Before 2011, the Czech Republic’s feed-in tariff (FIT) supported solar and wind power installations with a 20-year prescribed lifetime. However, between 2011-2013, the government introduced a 26% levy on any income generated via the FIT, reducing to 10% in 2014, but not before scrapping the FIT altogether late last year. These measures seriously altered the fiscal landscape for project owners, meaning that most have yet to register a profit from their PV or wind systems.
The latest proposal from the Czech Ministry of Industry and Trade outlines the introduction of a review mechanism even more radical. The change would retroactively adjust the guaranteed investment conditions for each individual project after 10 years and level the return on investment to just 3.5% per year.
According to CPIA, this plan is "based on a willfully incorrect interpretation of the existing legislation" and "violates basic principles of Czech and European law."

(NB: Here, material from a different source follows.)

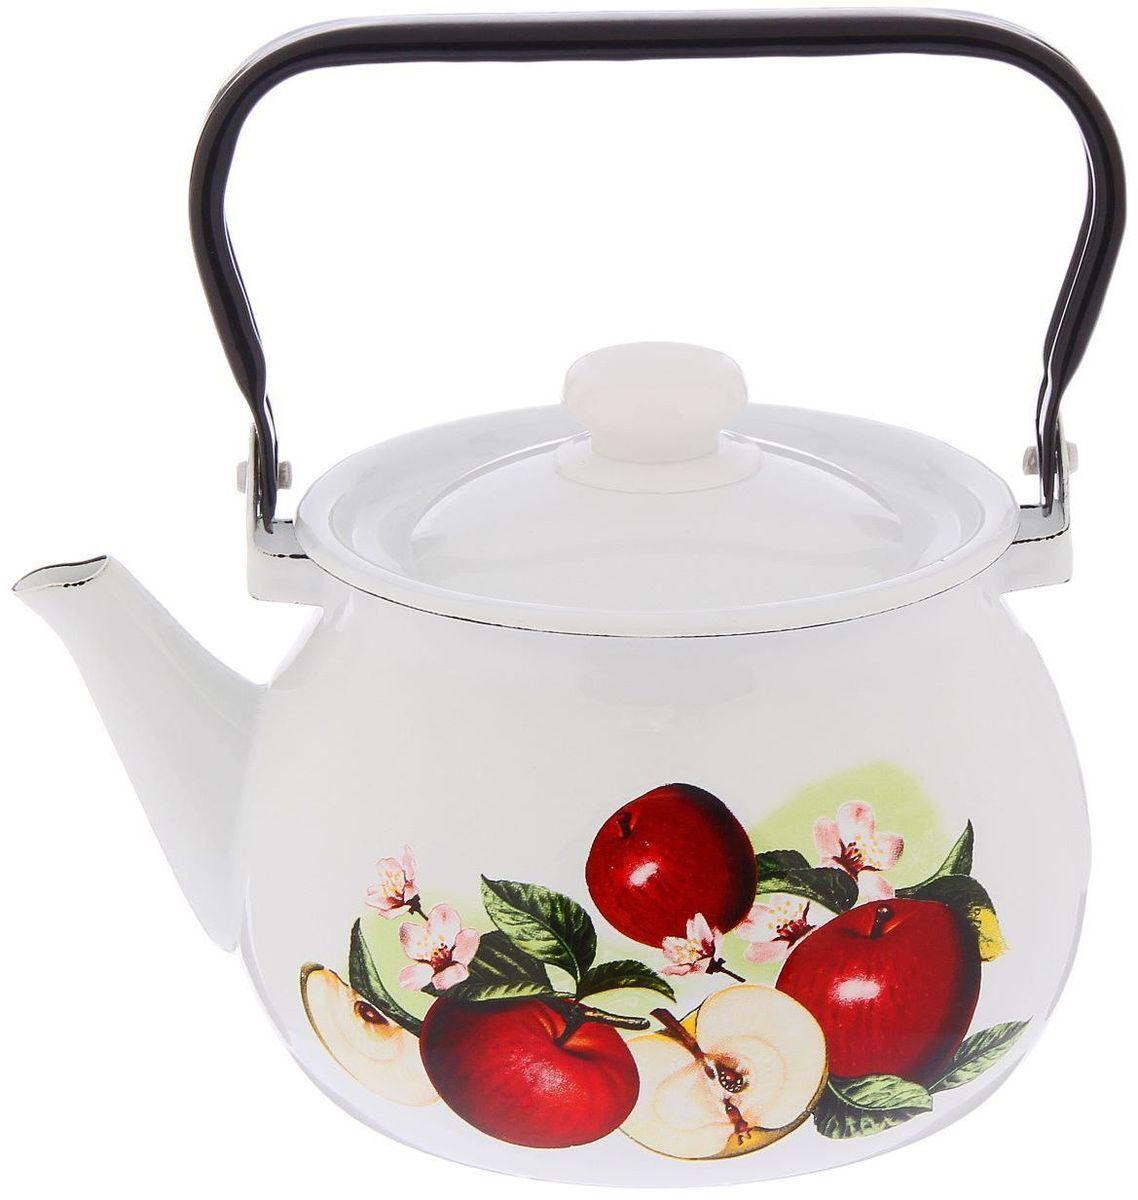 Чайник эмалированный Epos Ароматный, 2 л2293395Чайник Epos Ароматный выполнен из высококачественной стали с эмалированным покрытием. Поверхность чайникагладкая, что облегчает уход за ним. Большой объемпозволит приготовить напиток для всей семьи илинебольшой компании. Эстетичный и функциональный чайник будеторигинально смотреться в любом интерьере. Душевная атмосфера и со вкусом накрытый стол всегда будут собирать в вашем доме близких и друзей.Чайник подходит для использования на всех типах плит,включая индукционные. Объем: 2 л.

In the letter to the European Commission, CZEPHO argues that the proposal goes against the long-term position of the European Commission, which states that its member states should not interfere in the guaranteed terms and conditions for already existing projects. Their argument also runs that such measures would create huge corruption potential and destabilize many projects that initially relied on bank loans for financing.
"If these retroactive amendments come into force, the stability of investments in renewable energy, both Czech and European, will be threatened," said Marek Lang of the Alliance for Energy Self-Sufficiency. "The Czech Republic will be in danger of not fulfilling its obligation of increasing the percentage of energy sourced from renewable resources by 2020 and it will also significantly affect the trust of investors in projects of public and EU interests all over Europe."
Veronika Knoblochova of CZEPHO added: "Solar parks have already had to deal with the so-called ‘solar tax’; if they are hit with another retroactive change, this time in the form of a 10-year review mechanism, it will put banks that have provided investors with loans for financing renewable energy projects in a precarious situation."
The Czech government’s proposals are currently being assessed by the European Commission, who are expected to publish a decision this week.